Paragraph 26- When is this true? With respect to weekday-clothing. With respect to shabbos and festival clothing, however, the creditor may collect them. There are those that disagree. It goes without saying that if the wife and children have rings and gold and silver vessels, it would all go to the creditor, so long as the husband purchased it for her. If, however, the woman brought the items into the marriage, whether via melug or tzon barzel properties, the creditor cannot collect from her if it is known that it is property that she brought in or that the husband accounted for at the time of the marriage. If the circumstances are unknown, she would be believed with respect to clothing and jewelry because it is standard for a women to bring these in to the marriage. If she brought money as dowry into the marriage, the creditor can collect from them. There are those that say that if the dowry is still in her or her father’s possession, the creditor cannot collect from them. Even if the husband was captured and she redeemed him, the creditor would still not be able to collect from these properties.
Paragraph 27- When it comes to leaving properties for the borrower, there is no distinction between real property and moveable items. Even if the borrower only has real property, we would leave him what he needs for the aforementioned items.

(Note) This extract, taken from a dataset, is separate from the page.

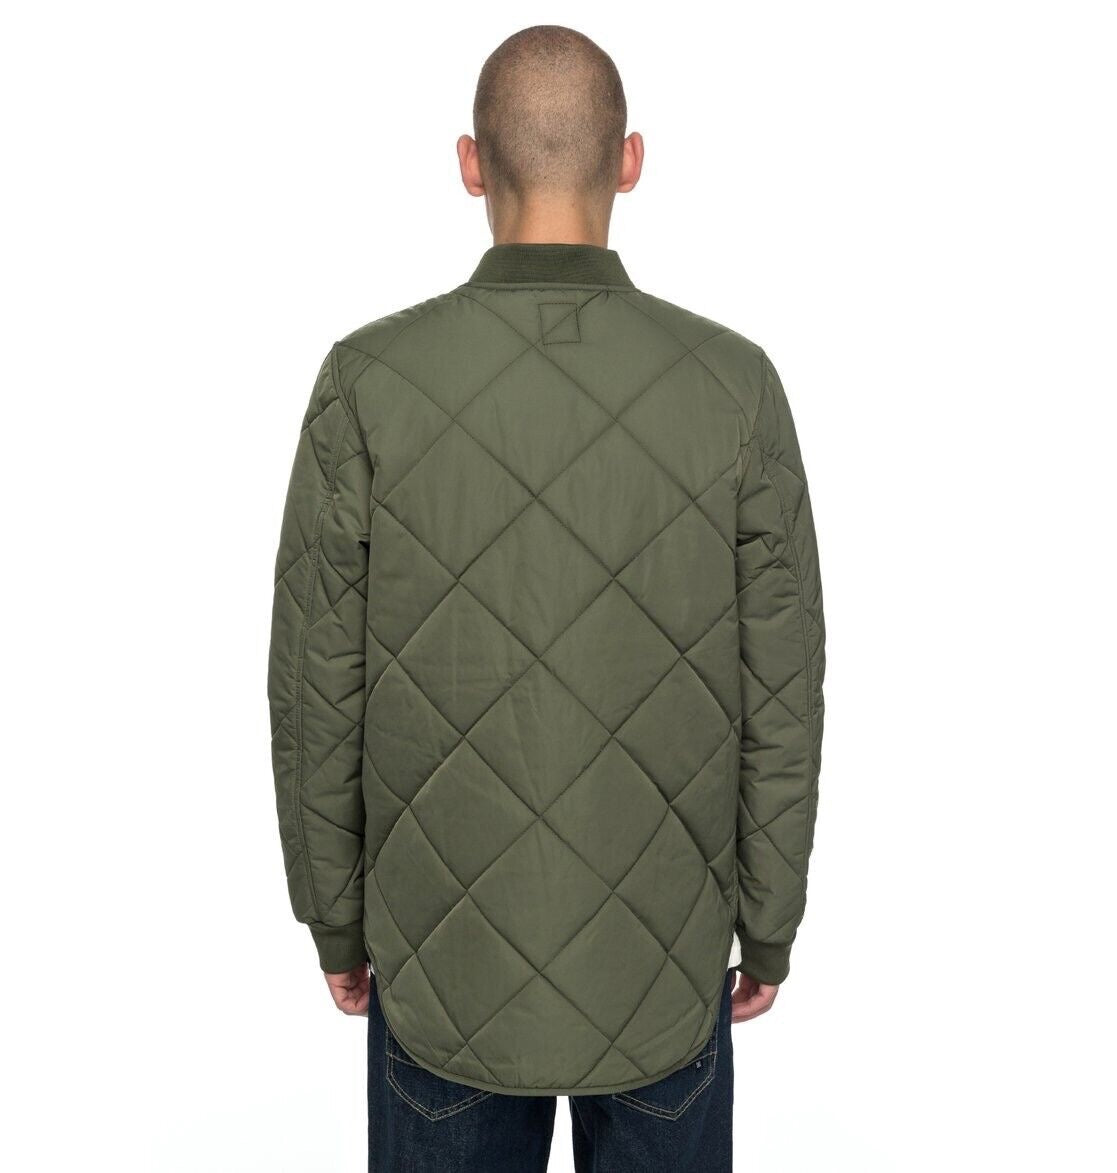 DC SHOES HEDGEHOP GREEN QUILTED BOMBER JACKET (XL)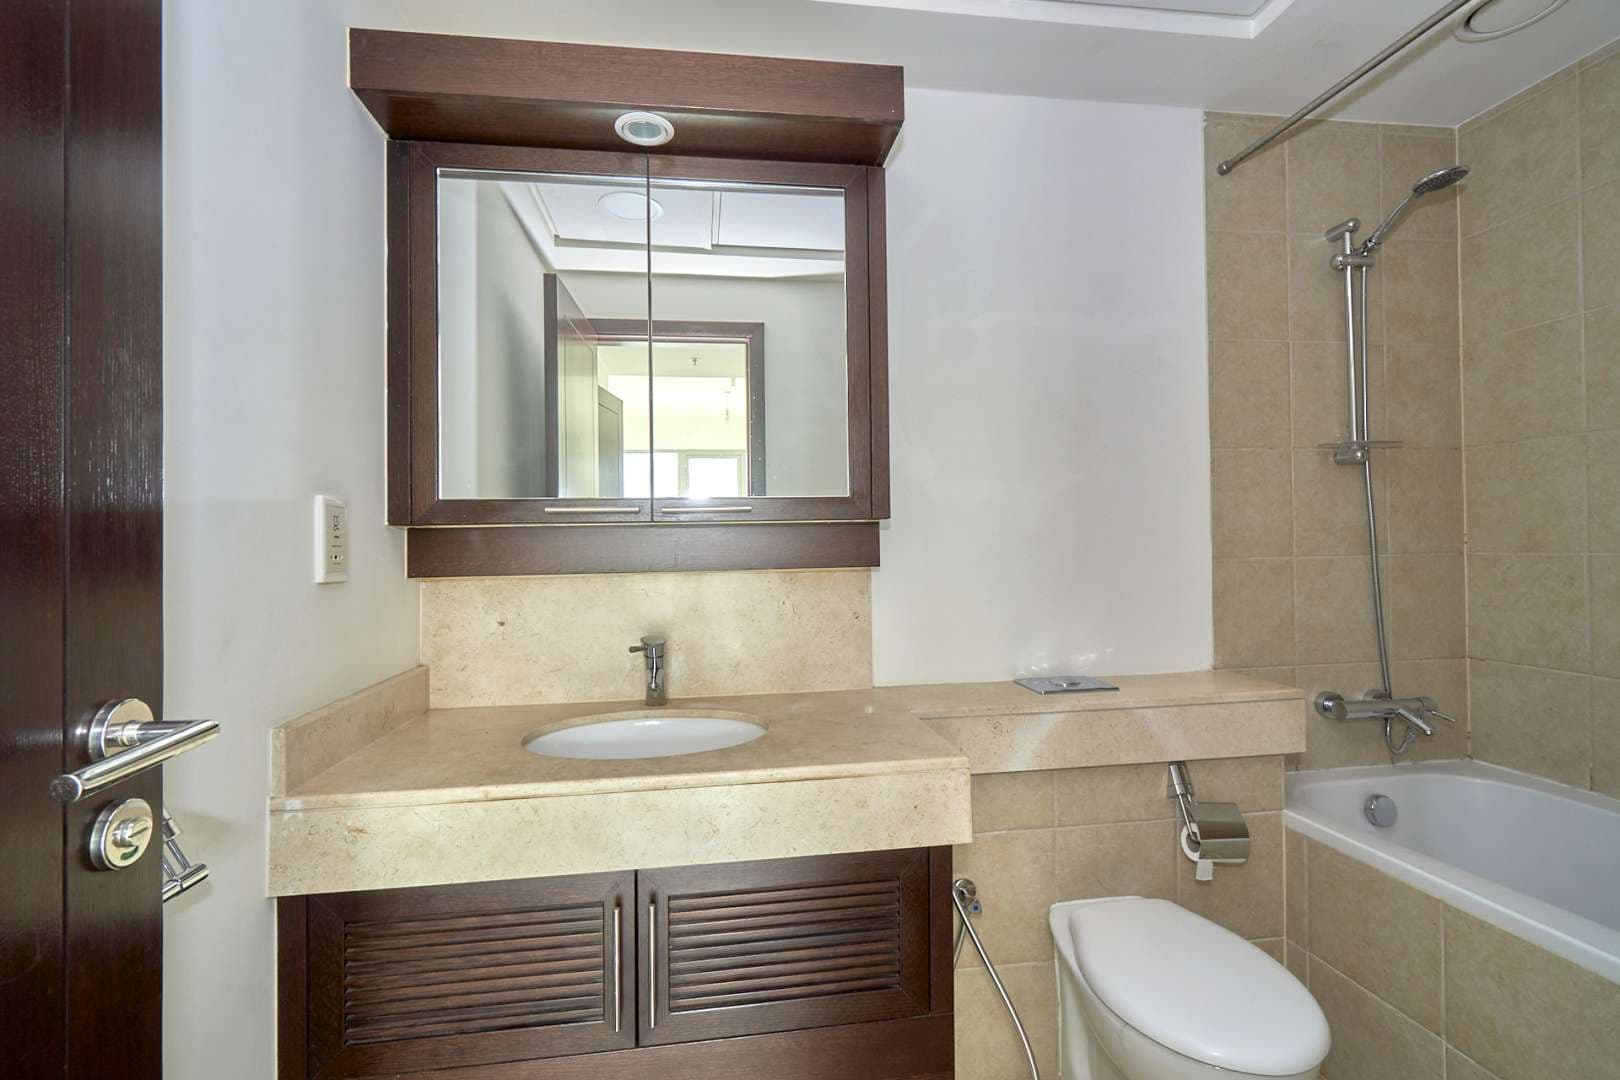 1 Bedroom Apartment For Rent The Residences Lp09118 29ca364db37a9600.jpg

Paragraph 28- If the lender made a condition with the borrower that they will not leave these items for him, the condition would be valid. This that the borrower put a lien on all his properties, however, would not be a considered a condition to nullify these rules because the borrower’s intention was only those properties the lender deserves based on Torah law, unless the borrower mentions an explicit condition on retaining these items. Even if the borrower were to write “from the clothing on my shoulders,” his intention is on a cloak worth 100 zuz that is not appropriate for him which will be sold and the proceeds will be used for appropriate clothing. If he says “on the condition that there should no rules of retainment on this debt” it would not work because he is making a condition against the Torah just like a case where he says “on the condition that shmitta will not void the loan.”
Paragraph 29- There are those that say that would not leave these items for a debt that is not via a loan, such as a personal rental, an animal rental or something similar if the debt was not converted into a loan. The same would apply where the lender collects from the co-signer that is not a kablan. There others that say that in these cases as well we would leave these items.
Paragraph 30- This that we leave items by the borrower is only where the borrower did not swear to pay back. If, however, the borrower swore to pay back we would not leave the borrower with anything. The borrower himself is obligated to sell everything he has- even a shirt, pants or a belt- to pay back his creditor. He should wallow in dirt and not violate his oath. See earlier in this Siman in seif 15 and earlier in Siman 73 with respect to someone who swears to pay back his counterparty.